Отец профессионально занимался боевыми искусствами, как современными, так и древними. Не теми, которые показывают по телевизору, а настоящими, с применением всего оружия, которым некогда пользовались наши предки. Мечи, луки, копья, арбалеты (хоть он их и не любил) и многое другое. Но не брезговал он и современными новоделами, считая, что ненужных знаний не бывает. Этому, так сказать, спорту, он и обучал своего приемного сына, точнее сказать, он меня так воспитывал.
Отец не ездил по соревнованиям, не принимал участия в реконструкциях древних сражений. Тем не менее, он был довольно известным, в определенных кругах, человеком, он был кузнецом и не абы каким, а одним из лучших в стране. Его ковка очень высоко ценилась не только в тех самых определенных кругах, но и простыми обывателями. Ковал он не только оружие и доспехи, но и разную бытовую утварь, такую как декоративные узоры, навершия на забор и отдавал своему делу, большую часть своего времени.

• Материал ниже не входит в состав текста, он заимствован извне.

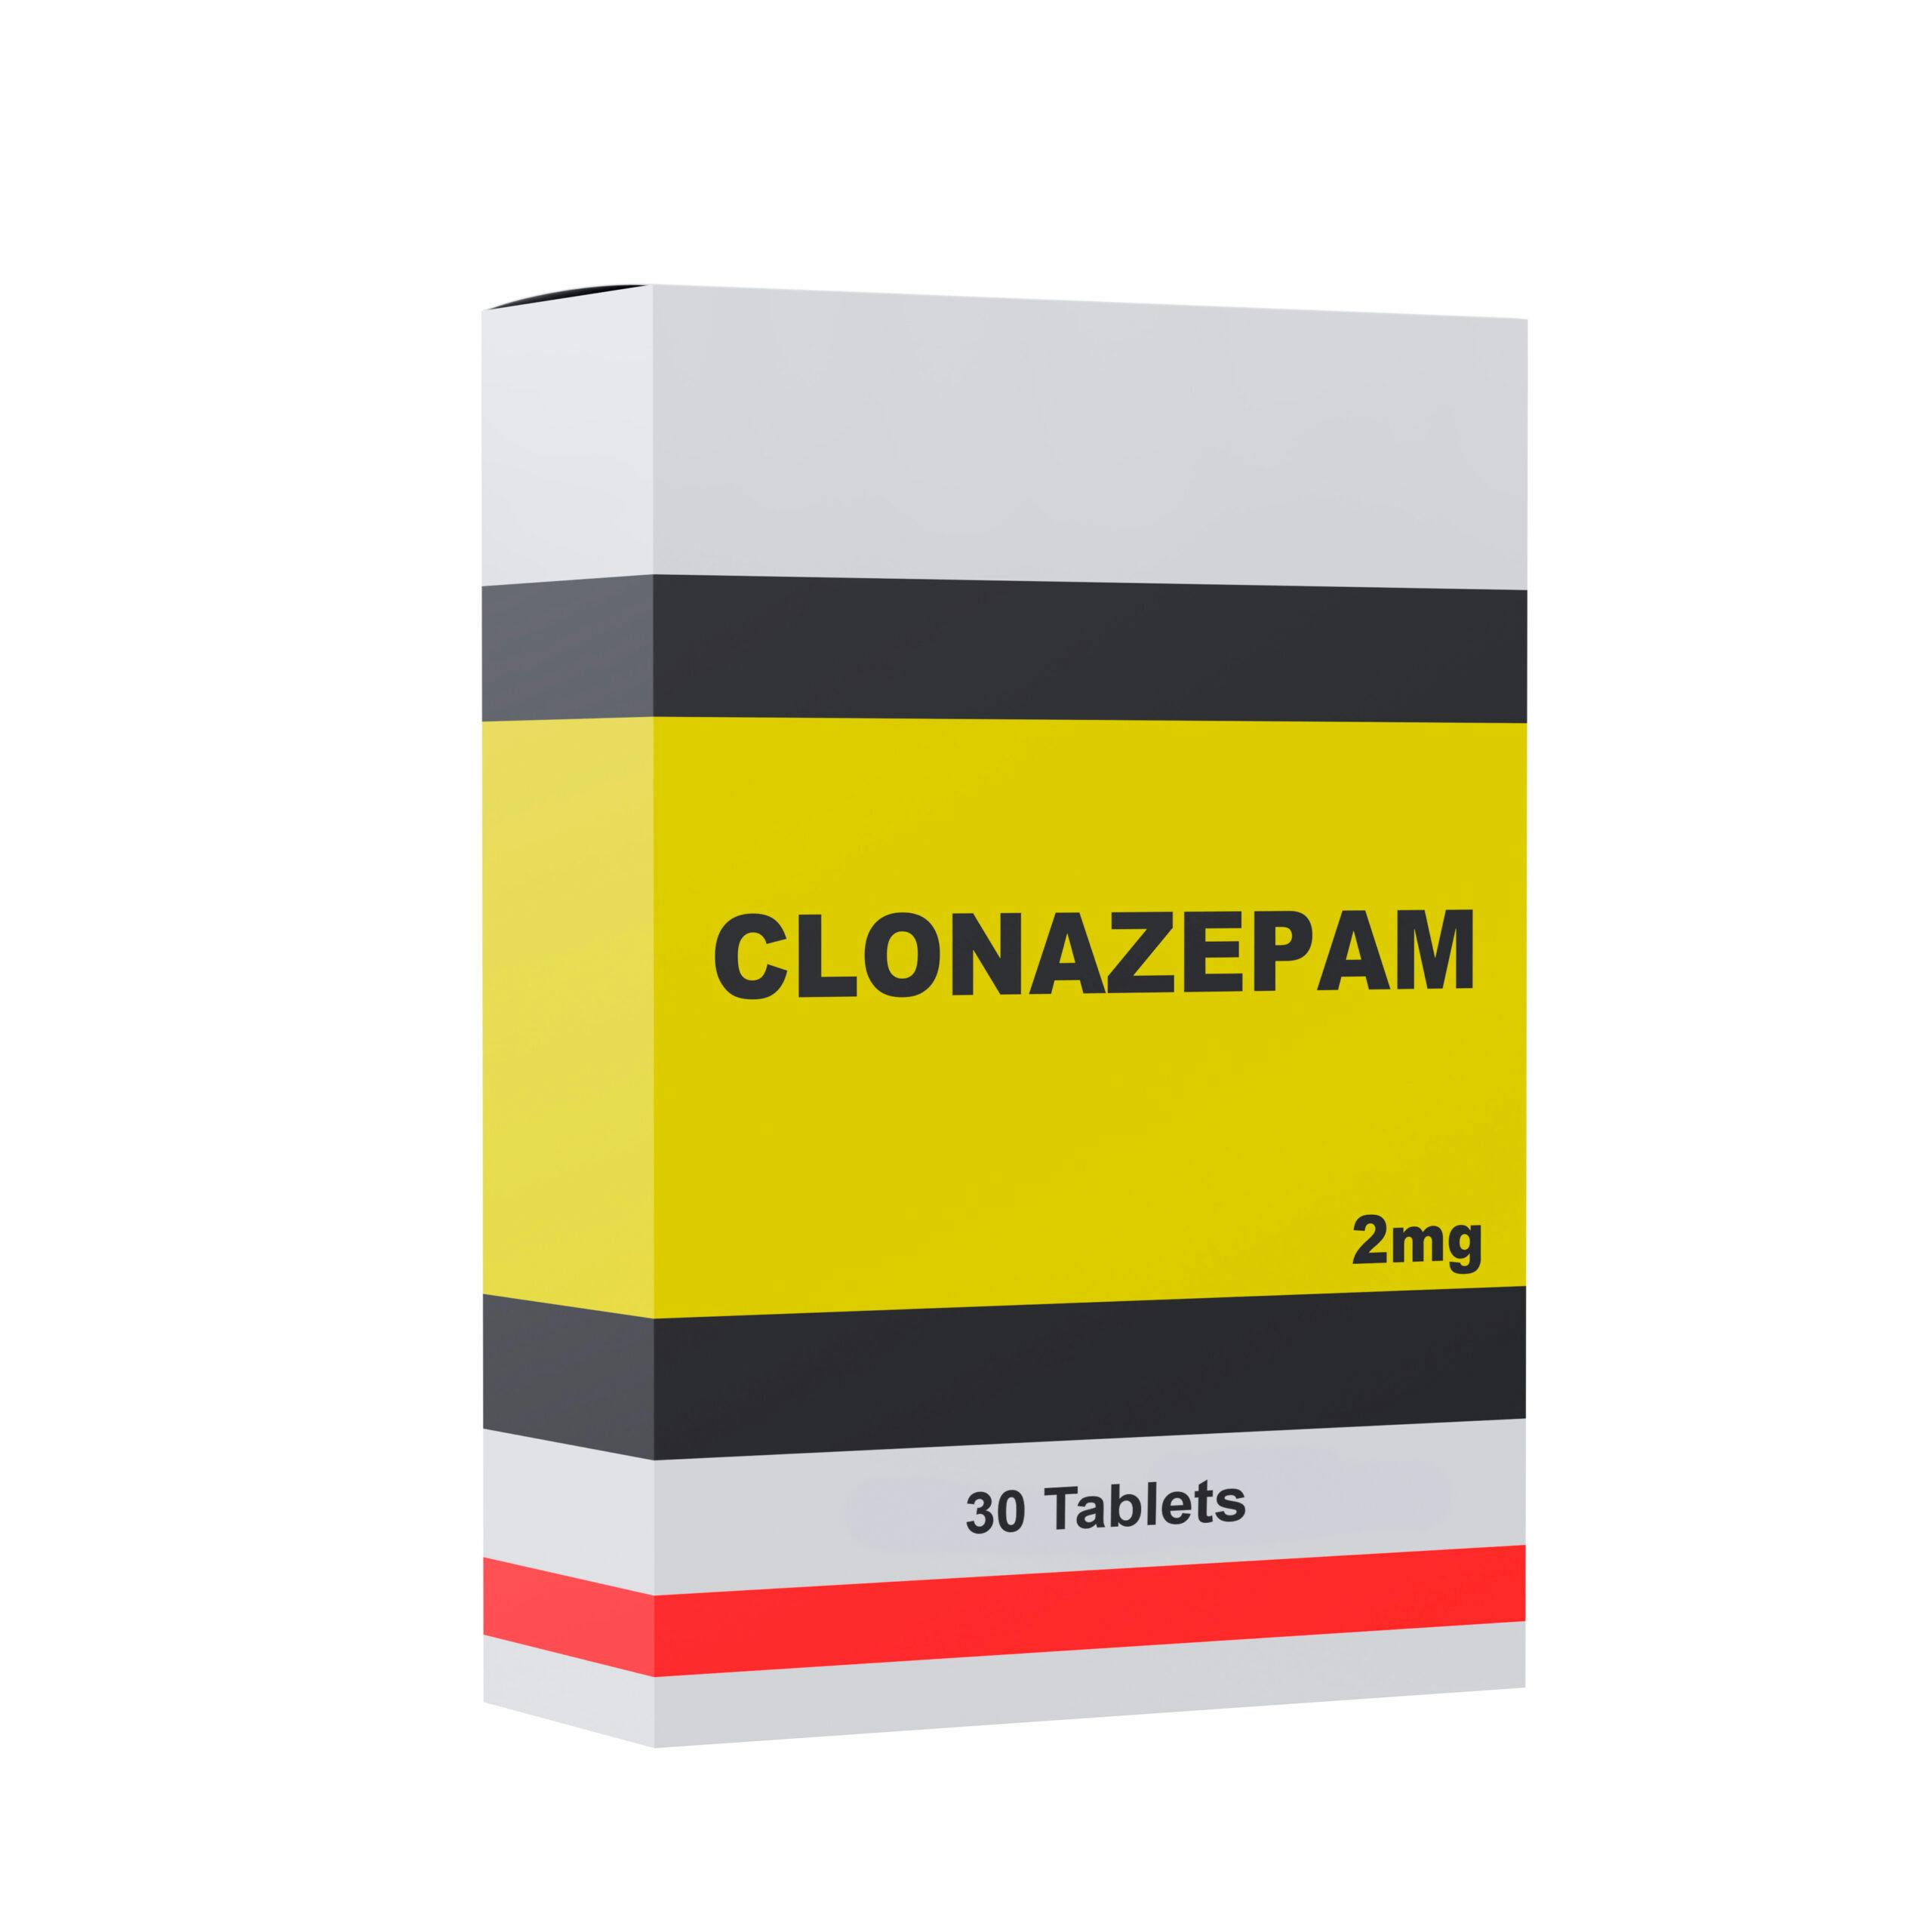 clonazepam box with 30 mg
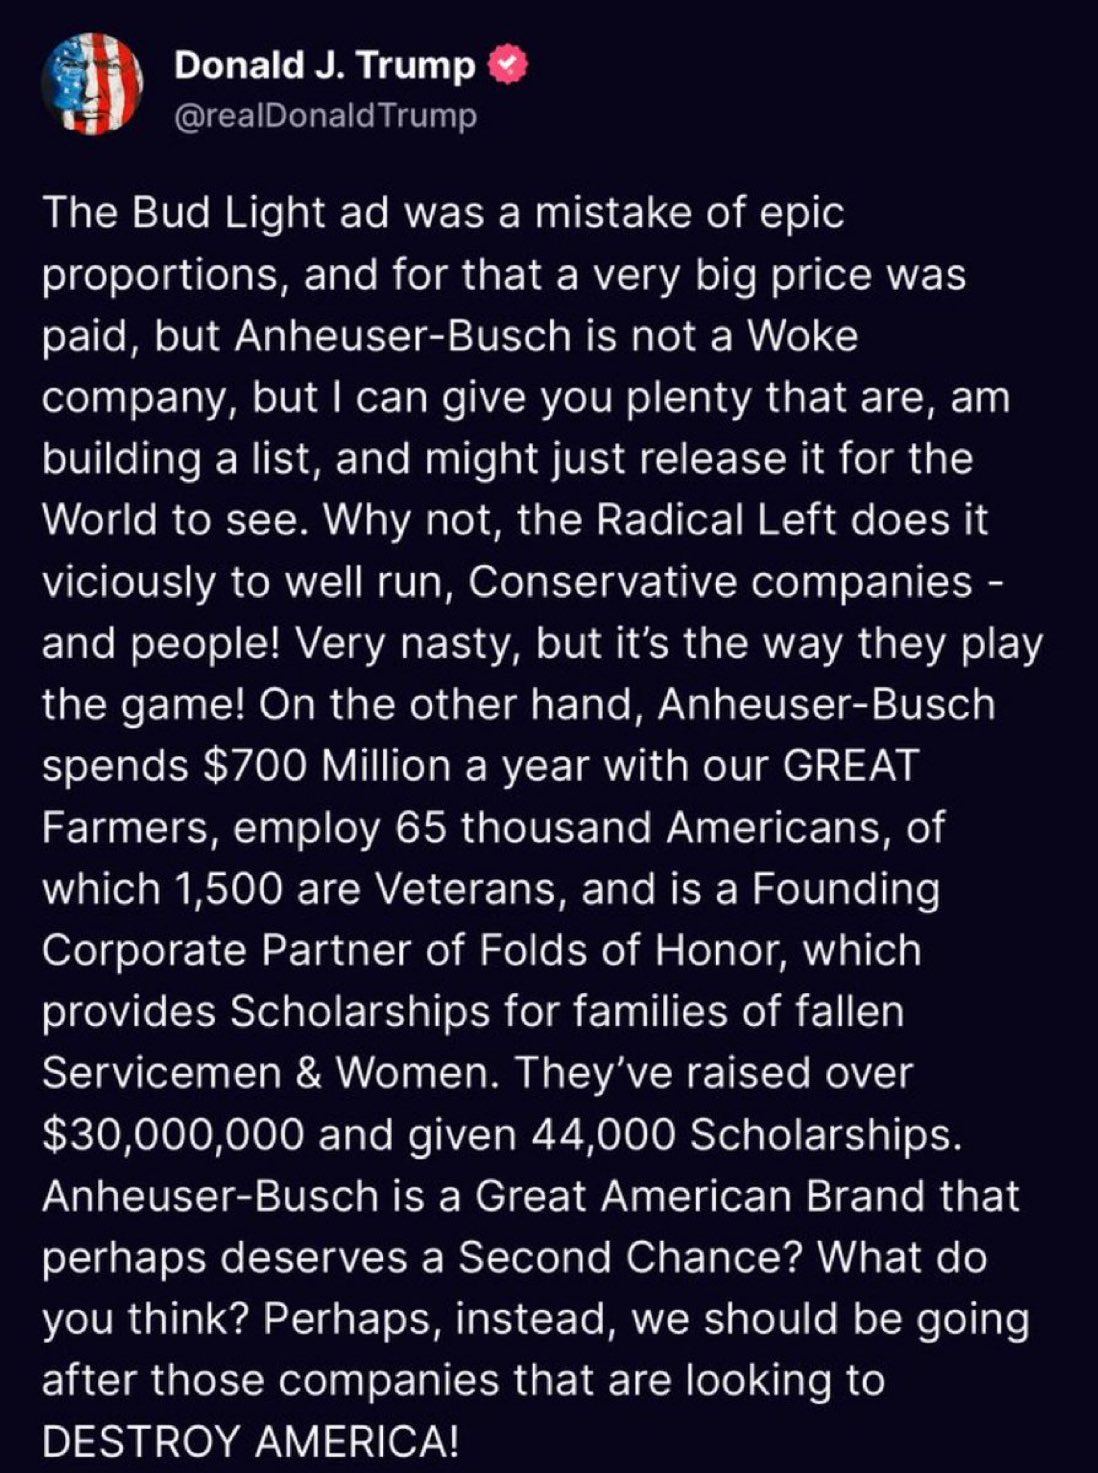 Give Anheuser-Busch a Second Chance?

Жили мы в нескольких километрах от небольшого поселка в Омской области, под названием Дружба. Недалеко от которого находился большой военный полигон для тренировки войск специального назначения.
Наше подворье было небольшим, по местным меркам, всего четыре сотки. Но нам этого было вполне достаточно. Тем более что огорода и живности, кроме здоровенного пса породы среднеазиатская овчарка, по кличке Князь и кота 'дворянской' породы по кличке Мурзик, мы не имели.
Вместо забора, наш двор был окружен частоколом, состоящим из врытых в землю и заостренных, вверху, бревен. Калитка вообще отсутствовала, только массивные ворота. На противоположной, от ворот, стороне двора стоял двухэтажный, кирпичный дом. Справа к нему примыкал гараж, со стоящей в нем старенькой 'Нивой'.
Хотя отец и состоятельный человек, и мог себе позволить любую машину, включая импортную, он предпочитал ездить на 'Ниве'. А когда я заикнулся о том, что пора покупать новую машину, отец сказал.
– Зачем покупать новое, если старое в отличном состоянии и даже если сломается, я ее смогу починить буквально на коленке, без проблем. А то, что ты называешь новой машиной, без автосервиса, не то, что починить, масло поменять нельзя – вот и все что ответил мне отец. Больше я, про покупку новой машины, не заикался.
Слева, к дому, примыкала большая кузня, где отец и работал. Меня к работе в кузне он не привлекал, направив всю мою энергию на тренировки.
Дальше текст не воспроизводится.